Raspberry Pi OS (formerly Raspbian) is available in two main versions: Raspberry Pi OS Lite and Desktop. Raspberry Pi OS Lite is a minimal Linux version with only a terminal. Desktop includes the PIXEL Desktop environment. For many reasons, you may need to upgrade the Lite version and add a desktop environment (PIXEL or any other one). This guide will show you how.
The easiest way to upgrade Raspberry Pi OS with a desktop environment is to use the “tasksel” command and select one listed in this tool. It will automatically install all the requirements: the display server, the login manager and of course the desktop environment itself.
In this post, I will start by explaining why you may want to upgrade from Raspberry Pi OS Lite to Desktop, and how to do the upgrade with each of the main desktop environments available.
If you’re looking to quickly progress on Raspberry Pi, you can check out my e-book here.

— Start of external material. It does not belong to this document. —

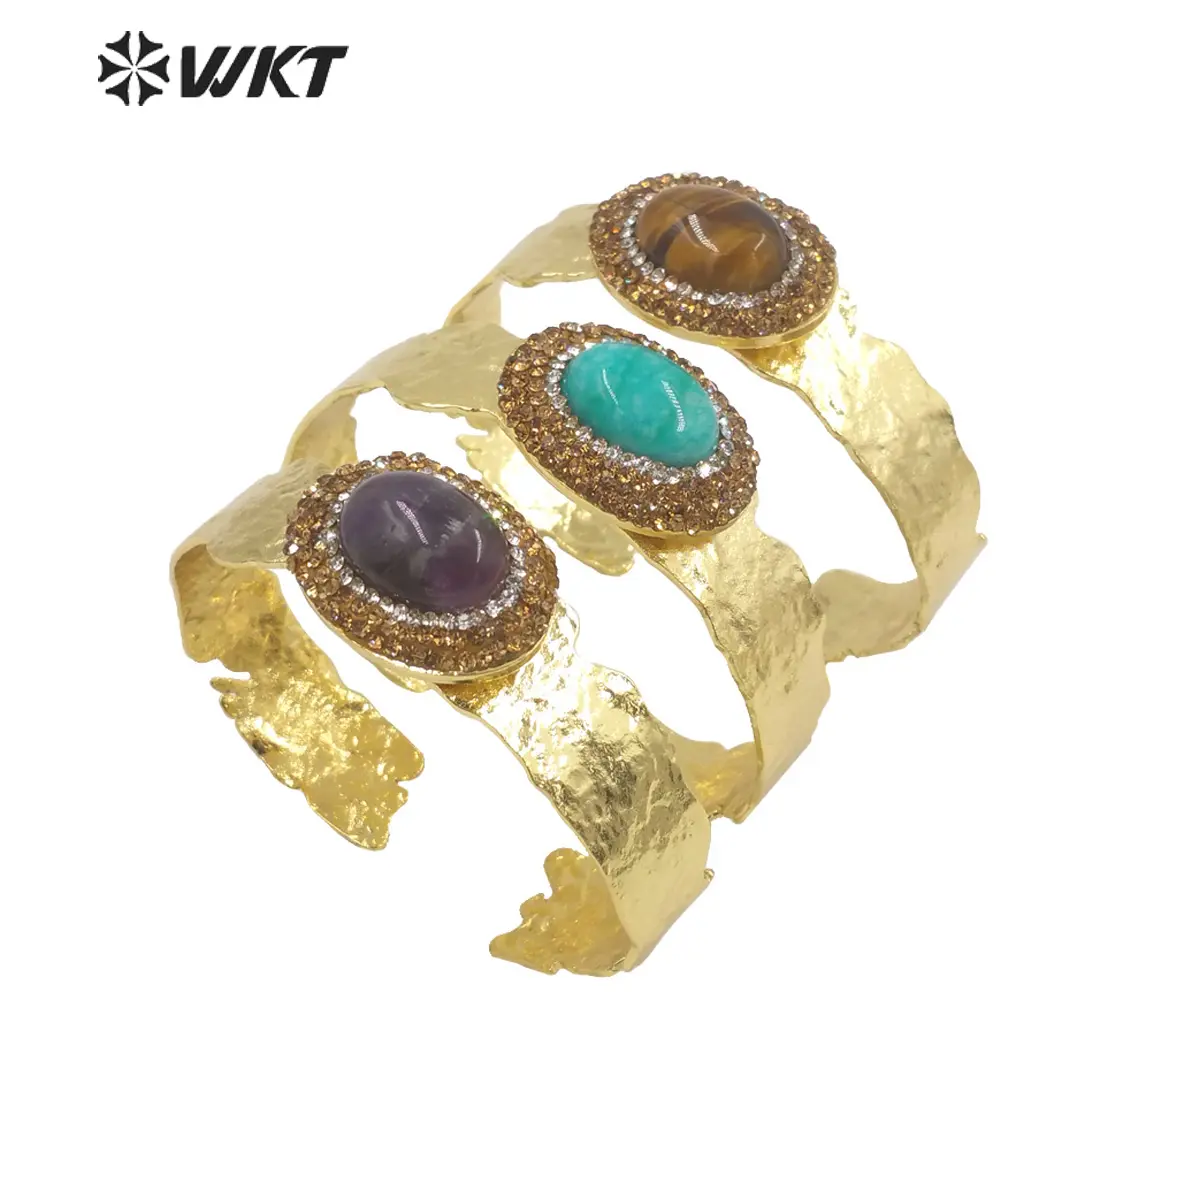 WT-B628ヨーロッパカラフルな貴重な宝石用原石オープニングバングル、ラインストーンセッティング女性用楕円形アメジスト石バングル

It’s a 30-day challenge where you learn one new thing every day until you become a Raspberry Pi expert. The first third of the book teaches you the basics, but the following chapters include projects you can try on your own.

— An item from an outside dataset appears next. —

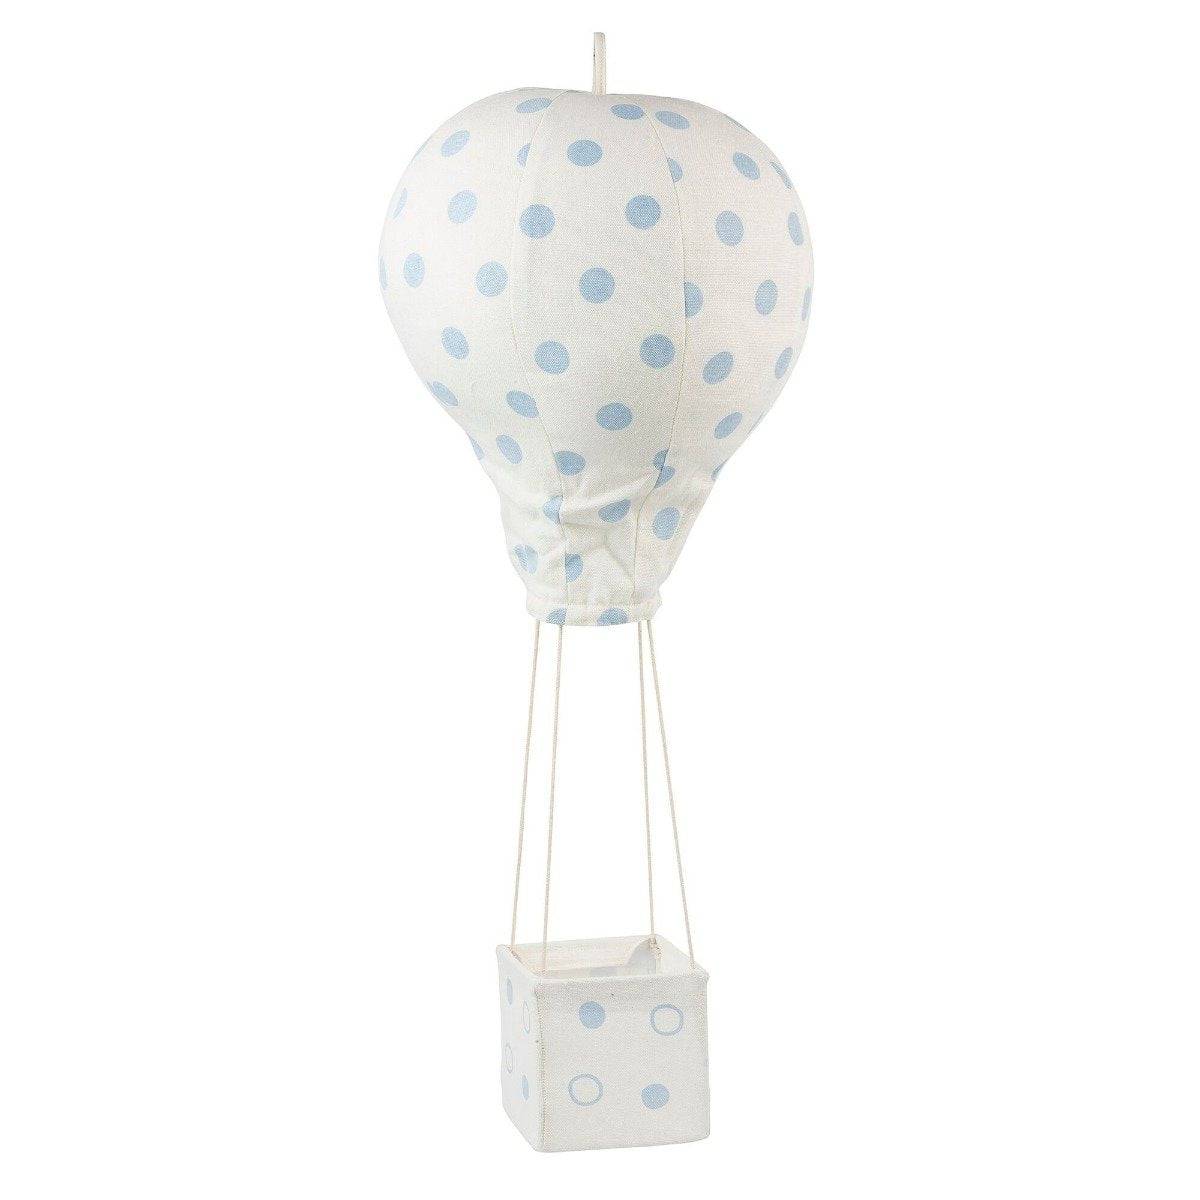 Lil' Polka Dot Hot Air Balloon Mobile in Light Blue - Twinkle Twinkle Little One

Why upgrade Raspberry Pi OS Lite to Desktop?
Most of you already know why you are here.
But for those who are curious, I will start with a short introduction about why you would need to upgrade your Raspberry Pi OS Lite SD card to a Desktop environment.
The first reason can simply be that you have changed your mind.
Sometimes, we start an installation for a basic project (a web server for example), then we add other services and configurations.
You might need a desktop environment and don’t want to lose everything running in the background. In this case, an upgrade is a good choice, as you can upgrade to a desktop while keeping the background installation
The second reason might be to choose your desktop environment.
When you install Raspberry Pi OS with Desktop, you get the PIXEL Desktop environment.
If you want another one, you’ll need to install it manually (tutorial here), and most of the PIXEL packages will stay installed on your Raspberry Pi taking up disk space for nothing.
And finally, the smartest reason might be for performance.
Even if you want to use PIXEL, you may not want to use all the default apps that it comes with.
By installing a desktop environment above Raspberry Pi OS Lite, you install only the necessary packages and can choose which applications you want to install later.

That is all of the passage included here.